- Born: Belmullet, County Mayo, Ireland
- Education: University College Dublin
- Known for: Inherited neuropathies
- Scientific career
- Workplaces: National Hospital for Neurology and Neurosurgery

= Mary Reilly (academic) =

Irish neurologist

Mary M. Reilly is an Irish neurologist who works at National Hospital for Neurology and Neurosurgery. She studies peripheral neuropathy. She is the President of the Association of British Neurologists.

== Early life and education ==
Reilly studied medicine at University College Dublin, graduating in 1986. She worked for a few years as a neurologist at St. Vincent's University Hospital, before joining Anita Harding at the National Hospital for Neurology and Neurosurgery in 1991. Reilly has spoken of how much she admired her supervisor, and attributes her clinical interests to Harding. Reilly earned her medical doctorate in 1996, focussing on familial amyloid polyneuropathy. She completed her neurological training at Royal Free Hospital and Guy's Hospital, training with P. K. Thomas and Richard Hughes.

== Career ==
At the National Hospital for Neurology and Neurosurgery Reilly specialises in inherited neuropathies. She was made consultant neurologist in 1998 and a Fellow of the Royal College of Physicians in 2002. She began to study neuromuscular disease, in particular Charcot–Marie–Tooth disease. In 2004, she found that Vitamin C could be used to improve symptoms in mouse models of CMT1A (Charcot–Marie–Tooth disease type 1A). She established a randomized controlled trial with colleagues in Italy to evaluate the efficacy of Vitamin C on CMT1A. The UK part of the trial consisted of 50 participants, and found that whilst Vitamin C is safe, it does not slow the progression of the disease. Although the trial was not a success, it developed new neuropathy outcome measures. Her research includes the identification of genes such as BICD2 and methionyl-tRNA synthetase (MARS); she has already conducted functional analysis of IGHMBP2.

Reilly works with Muscular Dystrophy UK on muscle-wasting conditions. She has also worked on new biomarkers for disease progression. CMT parents suffer from damaged motor nerves, which results in muscles weakening, and ultimately allows fat to accumulate in muscles; MRI outcome measures could monitor intramuscular fat accumulation, and detect muscle water changes that preceded fat accumulation. Reilly identified that calf muscle fat friction maps are an outcome measure in patients with CMT1A, with calf muscle fat increased significantly in patients with CMT1A She received a $1,000,000 grant from the Muscular Dystrophy Association to evaluate MRI protocols for monitoring changes in muscles from CMT.

In 2010, Reilly was appointed Professor of Clinical Neurology at University College London.
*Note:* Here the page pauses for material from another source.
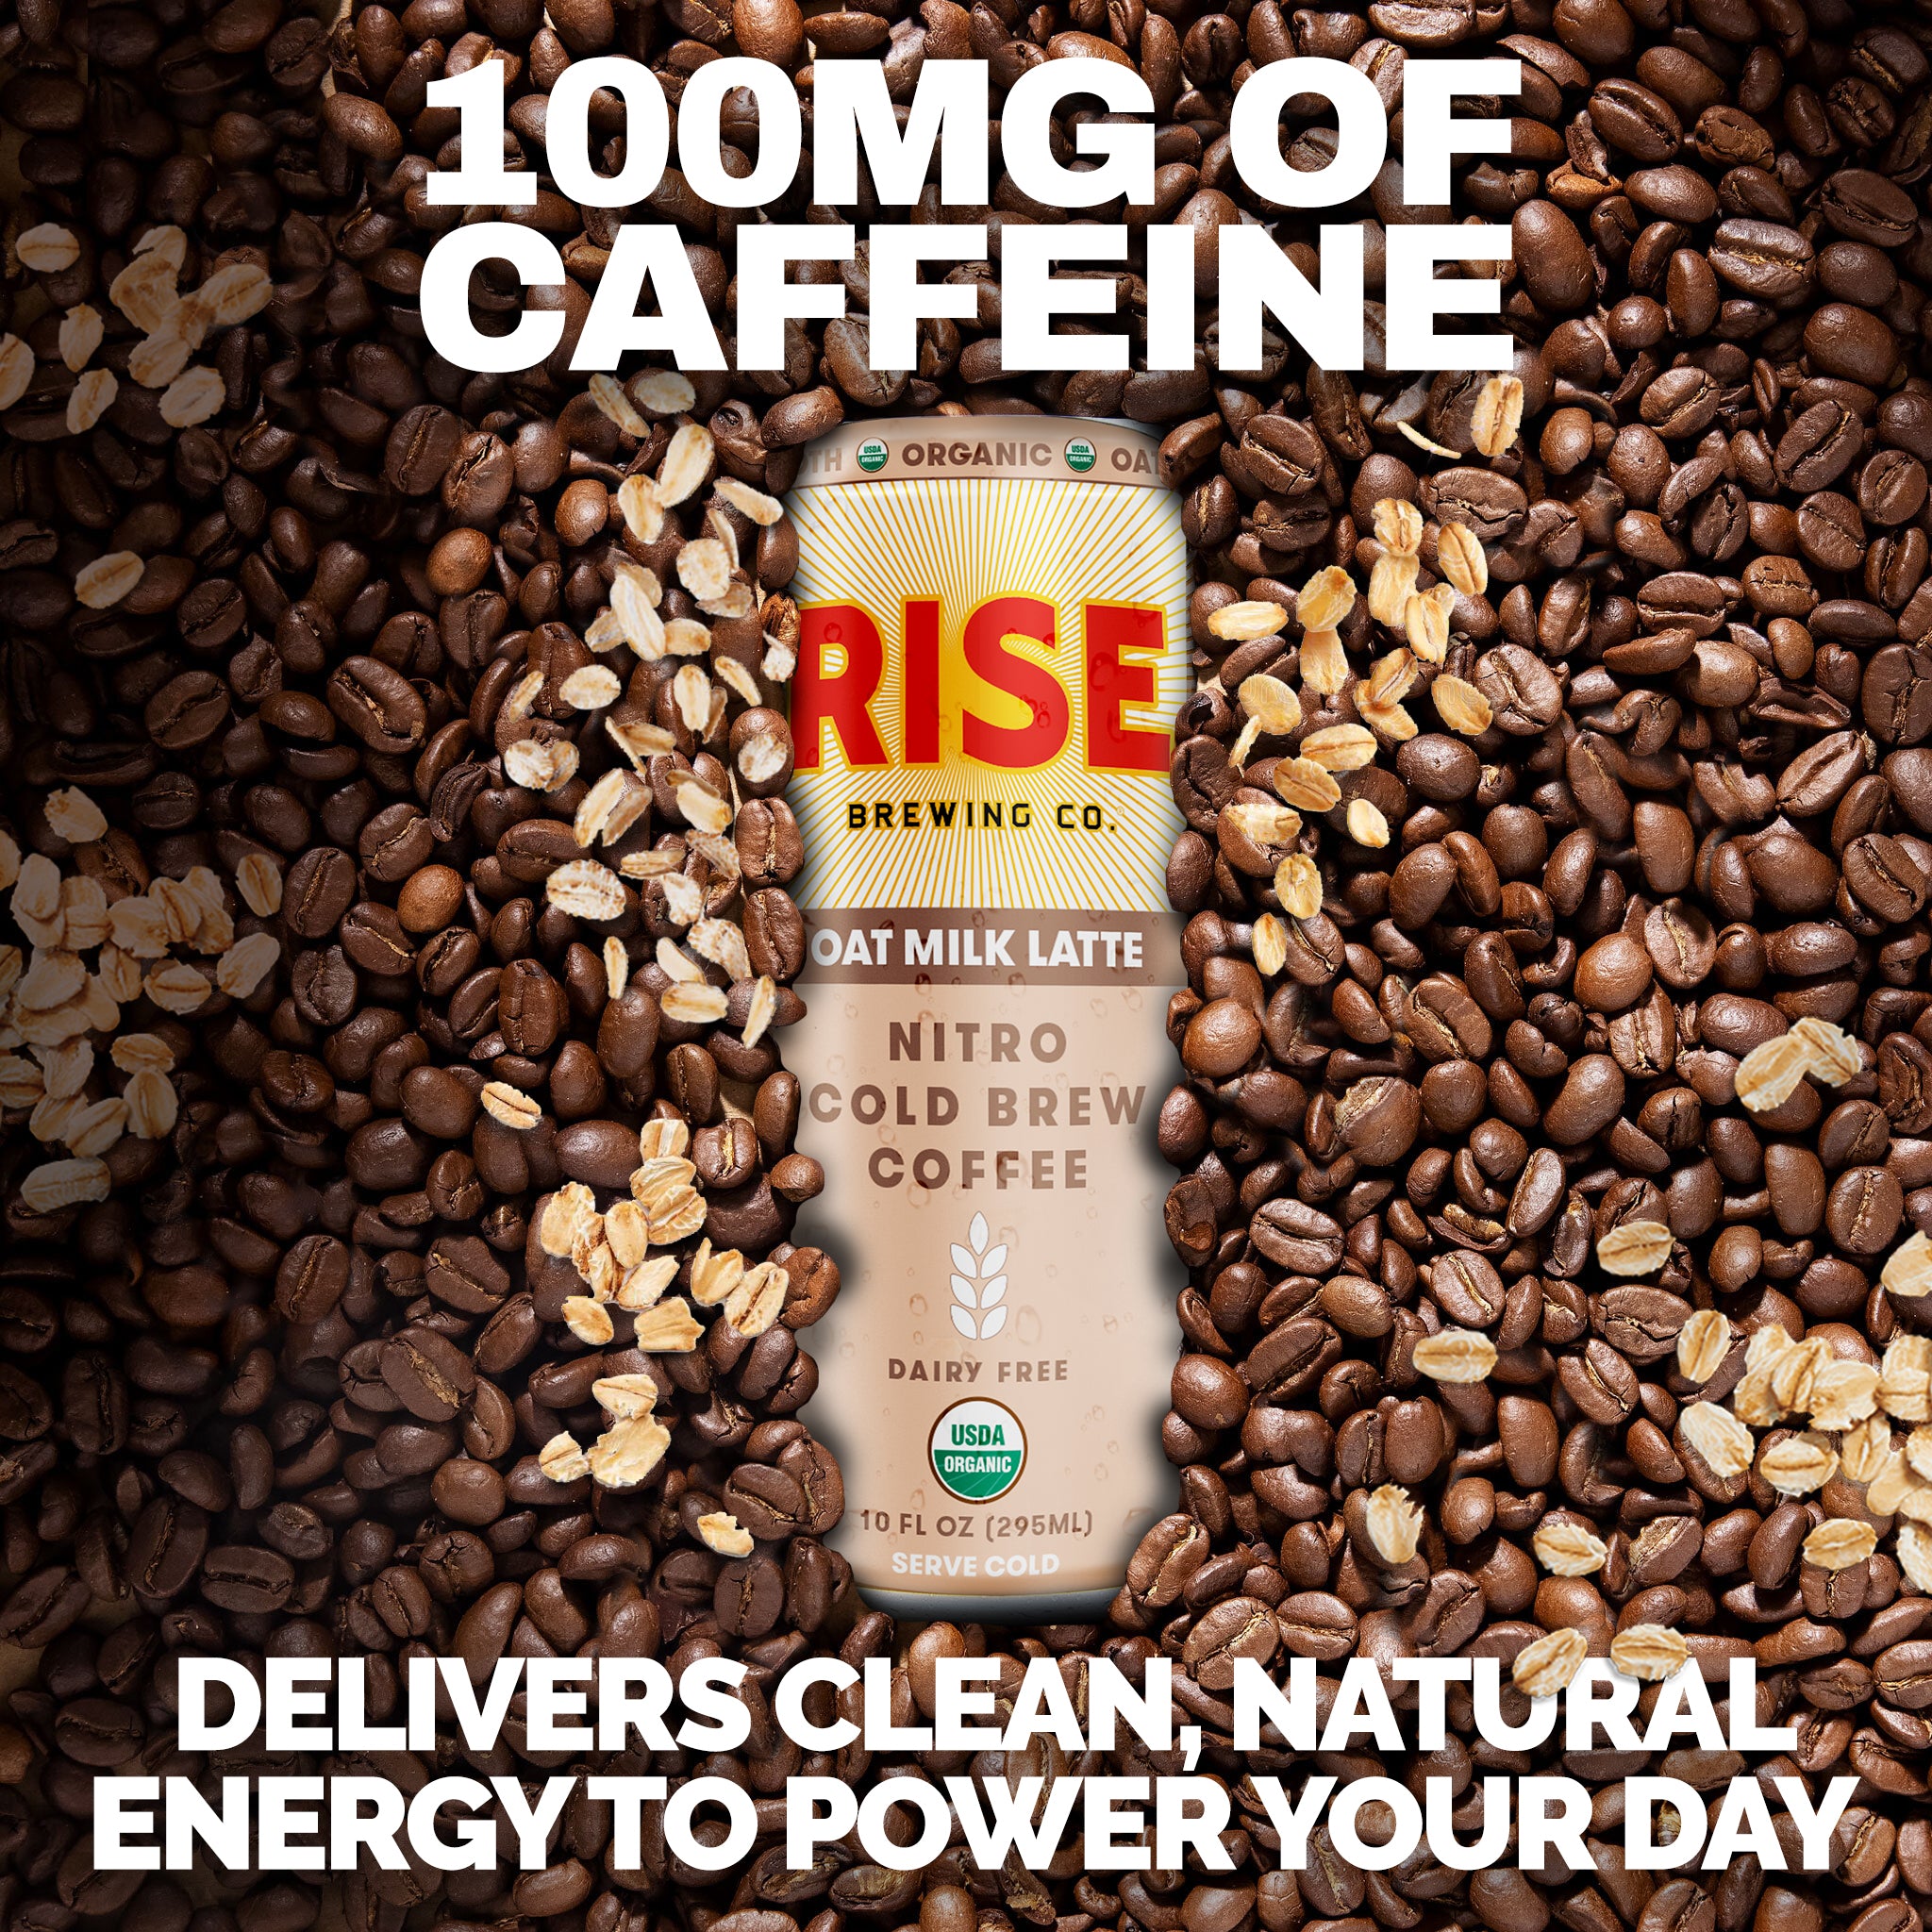 100mg caffeine delivers clean, natural energy to power your day. RISE Brewing Co. Oat Milk Latte Nitro Cold Brew

She leads the Division of Clinical Neurology and Medical Research Council Centre for Neuromuscular Diseases. With the MRC Centre for Neuromuscular Diseases and Muscular Dystrophy UK, Reilly runs an annual translational neuromuscular diseases meeting, which includes a patient day to discuss inherited neuropathies. Along with CMT, Reilly has worked on hereditary sensory and autonomic neuropathies and carpal tunnel syndrome in inherited neuropathies.

Reilly contributed to the 2013 Handbook of Clinical Neurology, and wrote a chapter for the 2016 Springer Publishing collection Neuromuscular Disease: Case Studies from Queen Square. Reilly has served as President of the British Peripheral Nerve Society and the International Peripheral Nerve Society. In 2015 she was appointed President-elect of the Association of British Neurologists. She became the first woman to take the role in 2017. Reilly was elected a Fellow of the Academy of Medical Sciences in 2020.